Just look at the “purpose of the recapitalization” as discussed on page 6 if you have any doubts…nothing there about using the funds for growth or acquisition or any other corporate operating purpose.
Indeed, under “Use of Proceeds” the company says that “based on our current cash and cash equivalents, together with cash generated from operations, we do not expect that we will utilize any of the net proceeds of this offering to fund operations” and that “we intend to invest the net proceeds in money market funds and investment grade debt securities.”
As for the insolvency, Tony adds:
The picture is even worse if you consider the significant intangible assets recorded by the company (goodwill, intangibles, deferred taxes, etc.). We still don’t have any reported evidence of the cash generating ability of these “assets”, so future write-downs may be forthcoming.

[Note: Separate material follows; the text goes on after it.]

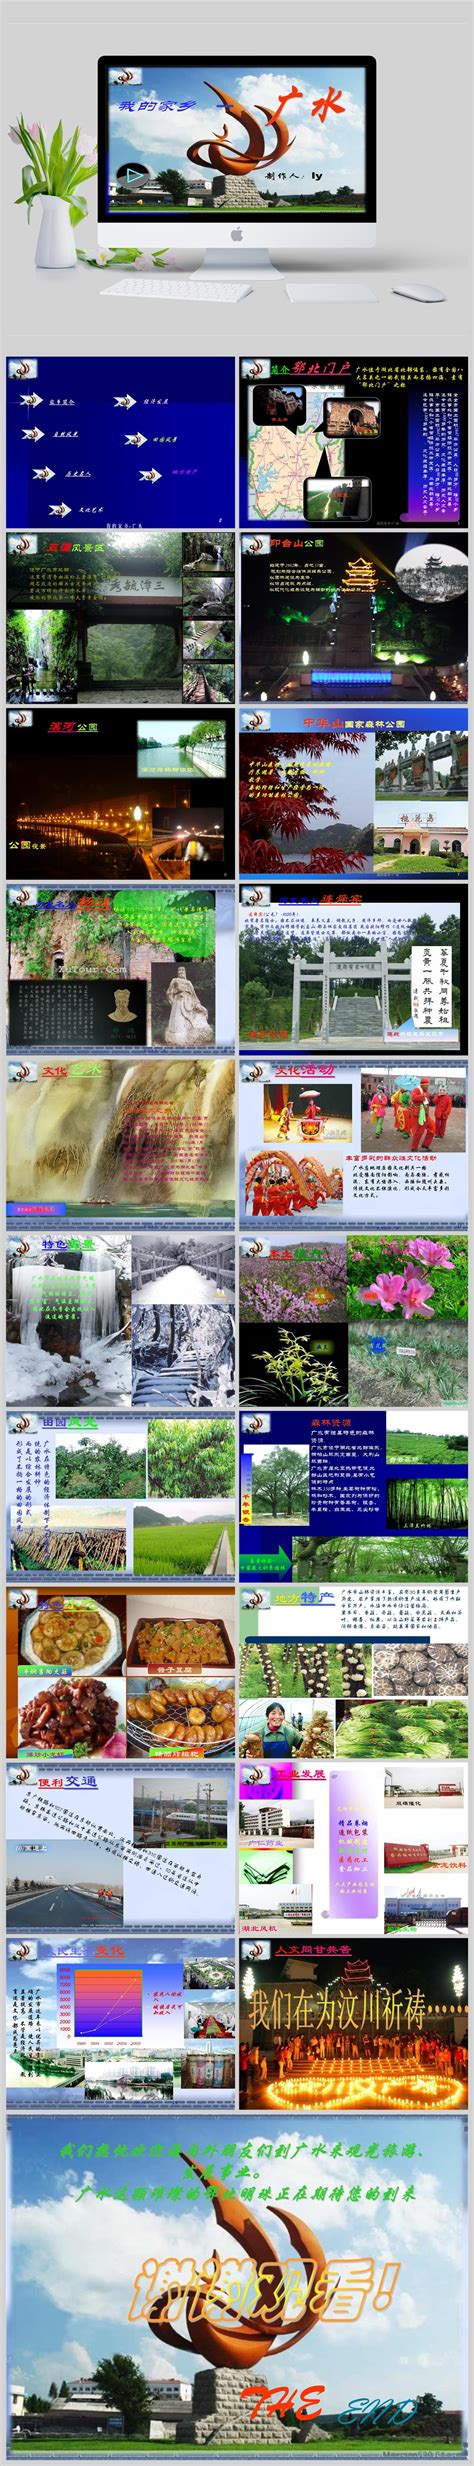 广东省水利厅 - 省水利厅推动水文化水经济蓬勃发展

If you deduct these assets, to get a tangible equity number, the insolvency picture is even clearer.
As for the 64 percent leverage, this is simply total liabilities divided by total assets after the IPO: (1274367 – 464104)/ 1274367 = 63.54 percent.
We still worry about all the red flags that are being ignored. For example, with all the restatements (revenue, CSOI, etc.) and amendments, this delivers a powerful signal about the quality of internal controls over financial reporting, as well as the competence of the finance function at this company.
What else are we not seeing in the numbers? Recent senior management turnover does not help, and the rapid growth adds more concern to the internal control issue. And the working capital deficit (current liabilities greater than current assets) raises further concerns.
Details, details. If we’ve learned nothing else in recent years, it’s that details like those don’t matter until they do, and then if they do it’s usually well after the fact. It’s just the way it is.
P.S.: In the early days critics (including yours truly) thought Amazon's business model made no sense. Same with Groupon. Difference is: Groupon ain't no Amazon.